The elements in a model can be arranged by moving the elements to the desired location or auto-arranged using the AutoLayout button on the ModelBuilder ribbon. To auto-arrange the elements inside the group, right click the group and click the AutoLayout from the context menu. To lock/unlock the elements click the Lock Element/Unlock Element button under the View group on the ModelBuilder ribbon. Locked elements are not affected by the AutoLayout in the model.
Model parameters are the parameters that appear when the model is opened as a geoprocessing tool. Any variable in the model can be made a model parameter. Derived variables (tool outputs) that are a parameter will be added to the last active map after they are successfully created.
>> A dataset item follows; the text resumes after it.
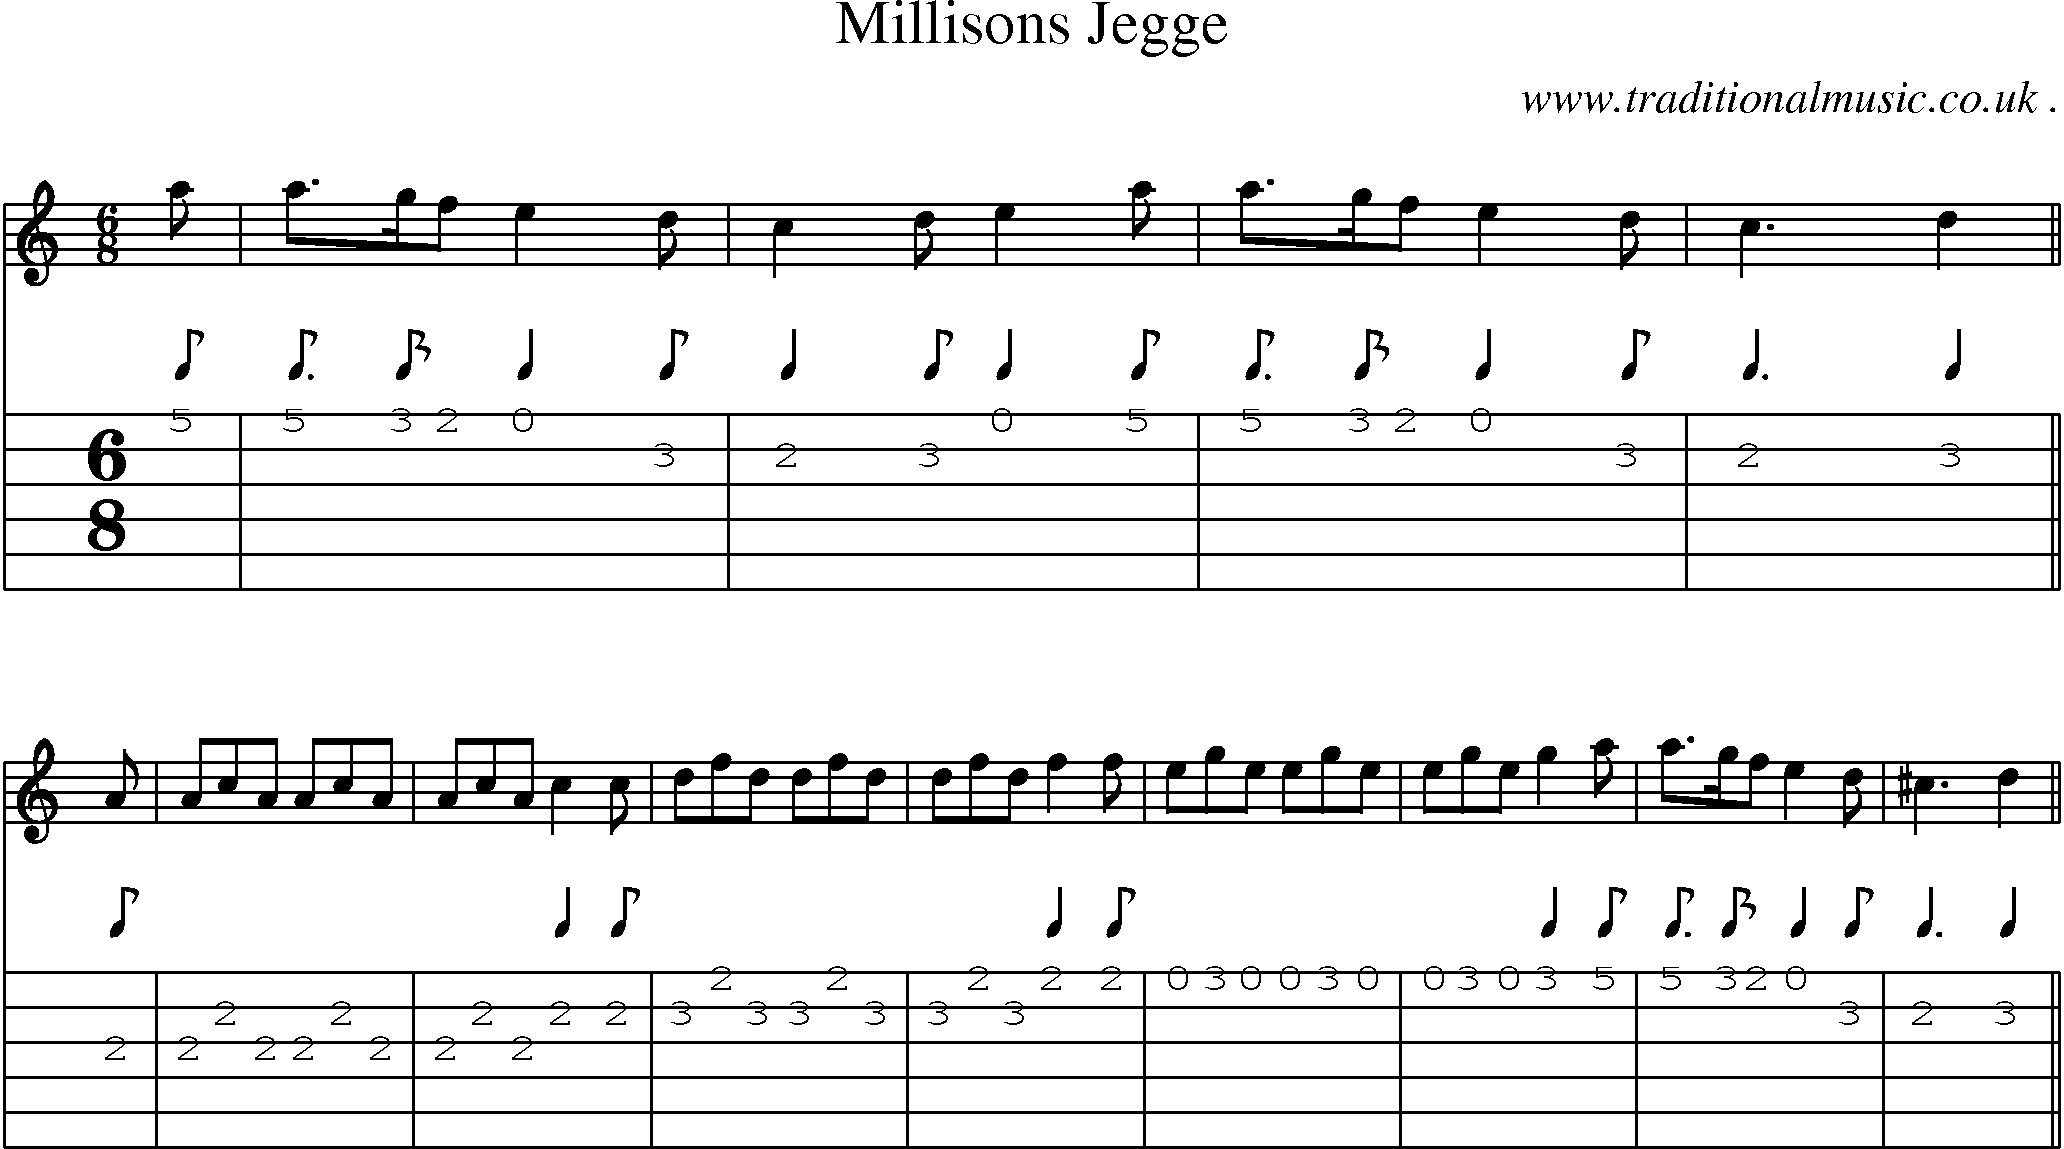 Sheet-Music and Guitar Tabs for Millisons Jegge

Preconditions can be used to explicitly control the order of operations in a model. For example, a process can be made to run after another process by making the output of the first process a precondition to the second process. Any variable can be made a precondition to tool execution, and any tool can have more than one precondition.
Processes and state
A model process consists of a tool and all variables connected to it. Connector lines indicate the sequence of processing. Many processes can be chained together to create a larger process. A process in a model can be in one of four states: not ready to run, ready to run, running, and has been run.
Not ready to run
When you initially drag a tool into ModelBuilder, the process is in a not-ready-to-run state because the required parameter values have not been specified. The tool and its inputs and outputs are gray.
Ready to run
A process is ready to run when the tool has all required parameter filled in. All model elements in the process have color.
The process is in a running state if the model tools show red color.
Has been run
If you run the model from within ModelBuilder, the tool and derived data elements are displayed with drop shadows, indicating that the process has run and the derived data has been generated.
ModelBuilder provides a number of support utilities, including Calculate Value, Collect Values, Get Field Value, Parse Path, and Select Data.
Model validation refers to the process of making sure all model variables (data or values) are valid.